This blog discusses setting up and using Network Pruning within a Quantexa batch build, a process which reduces the complexity of a Network, so Investigators receive a less noisy version of the Network, with only the most important paths to analyze.
So what’s Network Pruning all about?
Network Pruning describes the process of taking a Network and removing any Nodes and Edges that are deemed irrelevant to an Investigation post Scoring.
Note: The definition of “irrelevant” Nodes and Edges depends on the Network traversals that are used in your project’s Scores.
Why is the feature useful?
Since Network pruning reduces the size of the Network, the generated Network is easier to explore and investigate. If a Network still contained these "irrelevant" Nodes and Edges, it could complicate an Investigation and make conclusions less clear.
Generally, a visual user interface (UI) such as the one Quantexa uses, is easier to navigate if that extraneous information is removed. It can also reduce the file size and complexity of exported data as well, which will increase productivity of any information which is analyzed outside Quantexa.
Why would you prune a Network?
When loading Tasks into an instance of the Quantexa UI, we typically load an accompanying Investigation that contains the Nodes and Edges relevant to any triggered Scores.
Loading an unpruned Network is therefore not recommended for the following reasons:
- Networks can become very large, impacting the performance of the Task Loading job.
- Large Networks can also hinder Investigation load times within the UI, so pruning helps your workflow be more efficient.
- Finally, With large Networks it can be difficult to identify the Nodes associated with the Scores that have triggered within a Task. Consequently, end users are required to spend significantly more time working through the noise to understand the Network.
Network Pruning example
The following diagrams, Unpruned Network and Pruned Network illustrate the impact of pruning a Network.

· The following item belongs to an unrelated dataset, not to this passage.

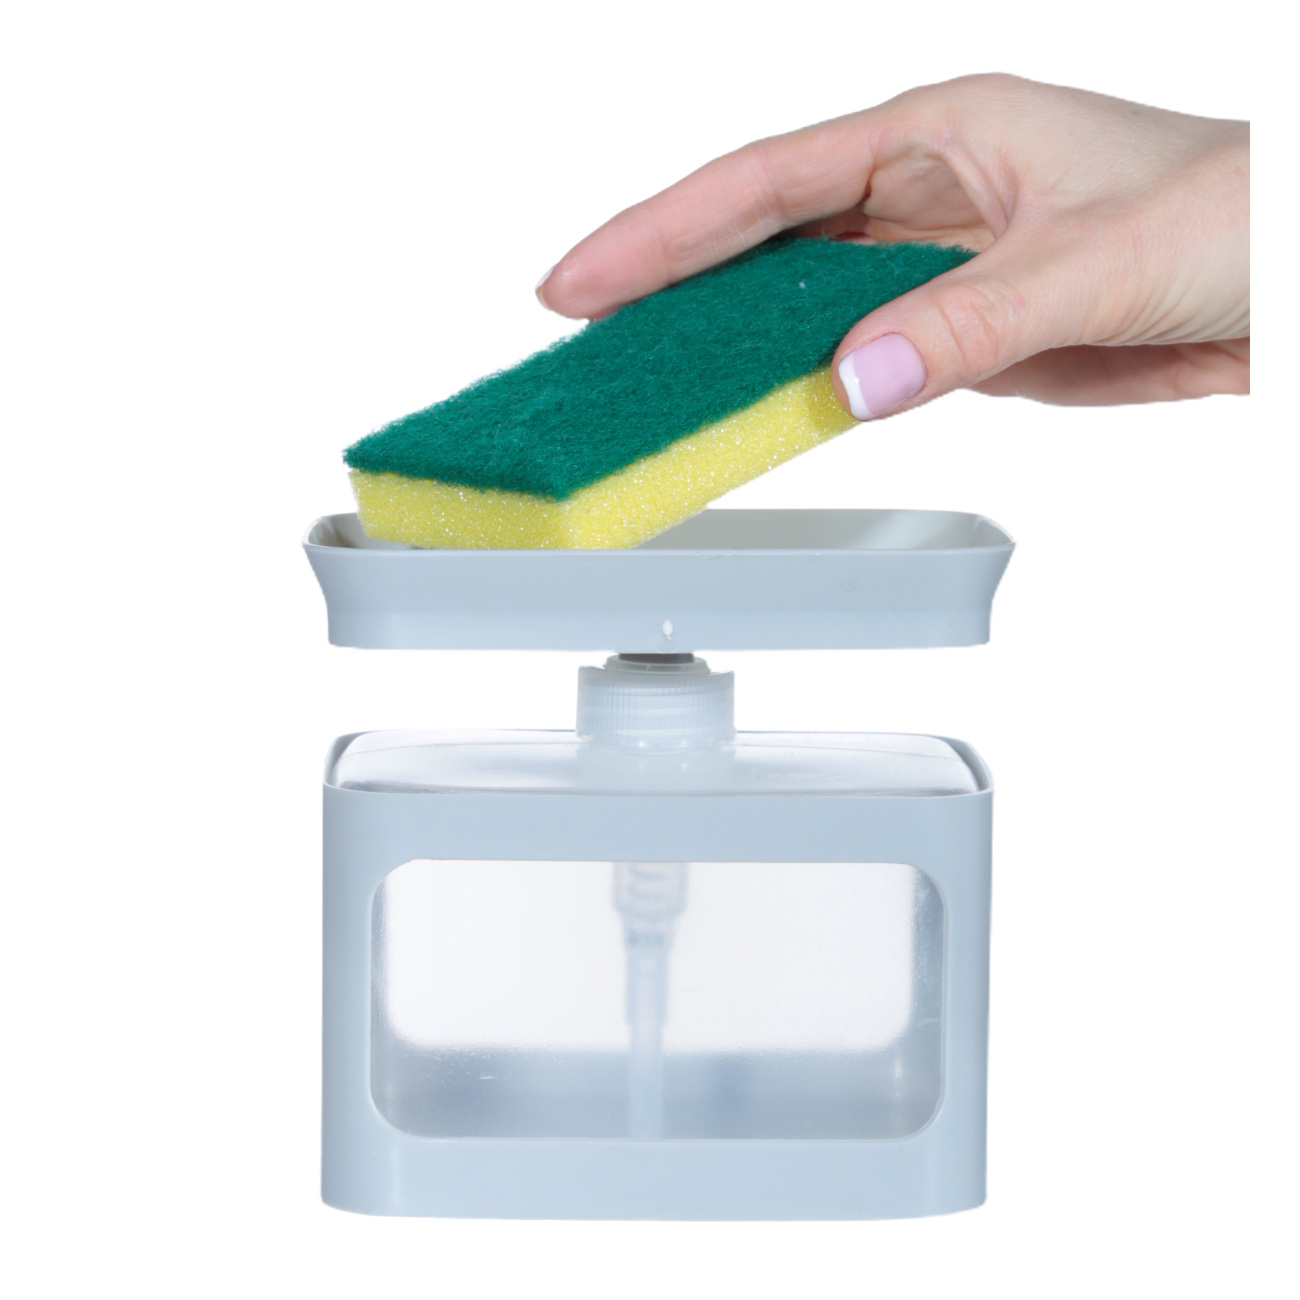 Detergent dispenser, 680 ml, with sponge, Platform, Plastic, Grey, Keeping изображение № 5

The Graph Script output for a particular seed customer may look similar to the following:
Figure 1. Unpruned Network
Following Scoring, we find that the network has triggered a Score which looks for a seed customer trading with another customer through account Entities. The second customer Document and telephone Entity have not triggered any Scores. We can prune the Network by removing all Nodes and Edges that did not appear in the results of any triggered Scores.
Figure 2. Pruned Network
How do we prune Networks?
This depends on the version of The Quantexa Platform that your project is using.
If you are using Assess on version 2.1.0 or more recent, there is a Network Pruning helper method that you can use. Project Example has an example implementation of Network Pruning in Assess which you can follow for your project.
If you are using a version before 2.1.0 or are using Scoring Framework 1, then you must add custom Network Pruning code to your project. See Custom Network Pruning for further details.
What did you find out during implementation?
- Prior to Task Loading,
GraphWithIdAndFacts
must be converted to EntityGraph
, which is an expensive operation. Pruning prior to this conversion improves the performance. - Task Loading is quicker and more reliable.
- The resulting Networks are vastly more simple to interact with than unpruned Networks.
- Having the Networks programmatically expand to only the Nodes of interest saves investigators significant effort to recreate.
It is possible to prune the Entity Graph directly, however this method should be avoided for the following reasons:
- Pruning the Entity Graph directly involves writing and reading
EntityGraph
to and from disk which some projects have found problematic. - Converting from
GraphWithIdAndFacts
to EntityGraph
is more performant when the graphs are smaller. Pruning before converting helps with this.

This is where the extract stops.